It has dawned on me that I should tell you all a little more about me.  I have two younger brothers, Larry and Chad. I am married to a wonderful man named Carl.  He is such a blessing to me.  My brother Larry is married to Stefanie and they have two children.  Chad is single and has three fur babies, a cat and two dogs.  I have two children, a boy and a girl.  My husband has two children, a boy and a girl also.  Between us we each also have a grandchild, a boy and a girl.
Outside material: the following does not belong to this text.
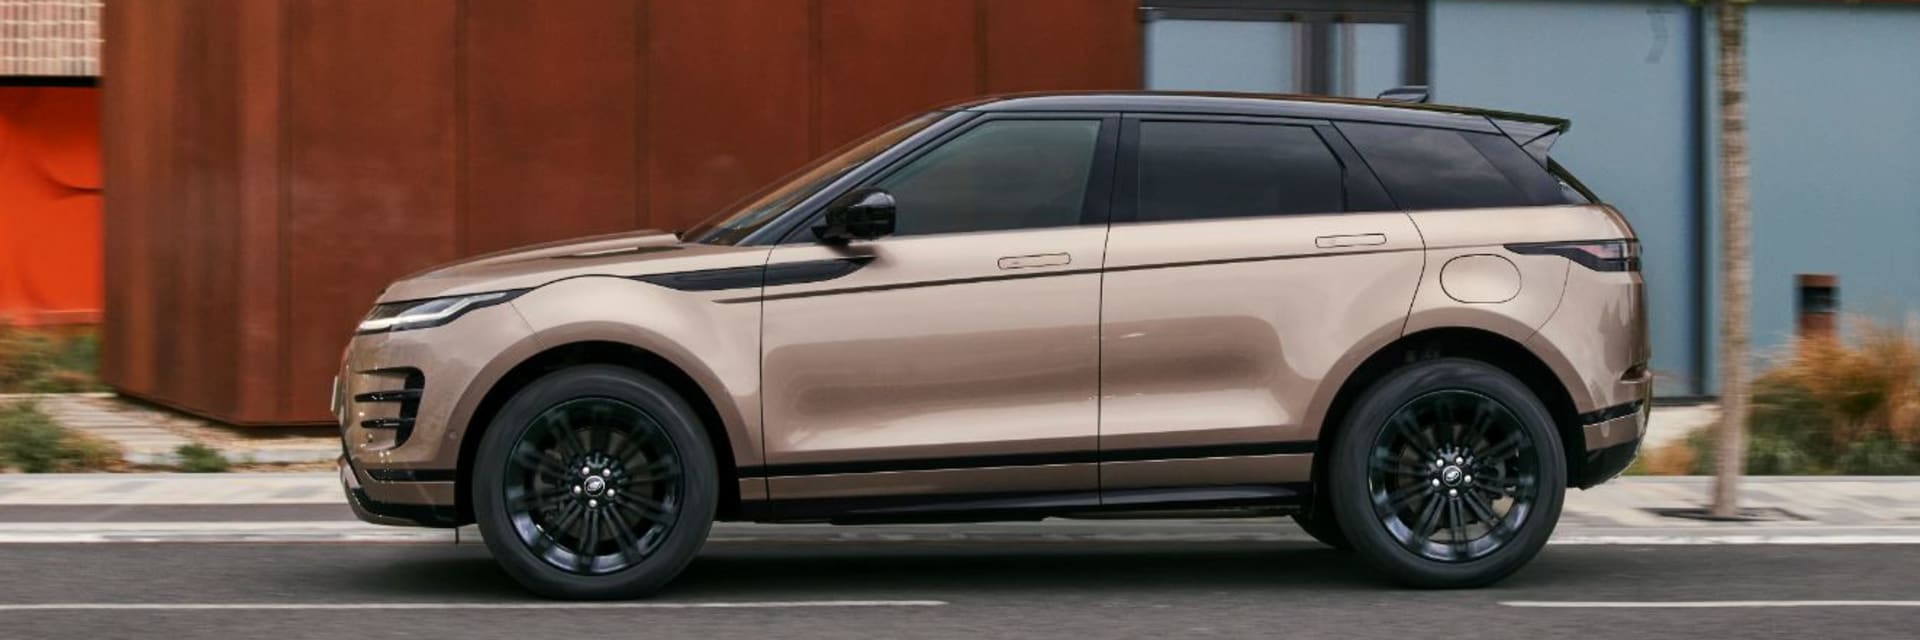 RANGE ROVER EVOQUE PERSONAL CONTRACT PURCHASE OFFER

My parents thankfully were smart in setting up their wills ahead of time and along with it a medical power of attorney and a financial power of attorney.  So we were in better shape because of that.  We just had to find the will and get copies to the appropriate parties.  Their financial institution also required that their Doctor write a letter stating that each of them were no longer able to handle their financial affairs.  Out of everything, this is one thing that took a little while to get.  We had Mom’s letter before we had Dad’s.  But once we had them both and signed the appropriate paperwork at the bank, it went smoothly.

I can’t stress enough that we all need to have a will and a medical and financial power of attorney and talk with these people so they are well aware of what you want.
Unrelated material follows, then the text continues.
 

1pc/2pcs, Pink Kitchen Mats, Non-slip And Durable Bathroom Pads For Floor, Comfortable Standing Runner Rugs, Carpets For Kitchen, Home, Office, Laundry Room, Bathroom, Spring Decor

You should also let these people know what insurance you have and where the contact information is for all policies.

Be aware that while some facilities take insurance, but some are private pay. Also, it depends on the level of care your loved one needs as to what the final cost is.

With my parents, my Mom needs more care around the clock.  She is unable to stand or walk.  She barely eats anything and drinks very little as well.  My Dad can still take care of his personal hygiene and doesn’t need as much one on one care.  They each needed different facilities for their special needs.  wall art

There are some great support groups on Facebook and the internet.  One that I have enjoyed is Molly’s Movement on Facebook.  This is a page that you can join and have conversations with other caregivers dealing with the many different forms of Dementia.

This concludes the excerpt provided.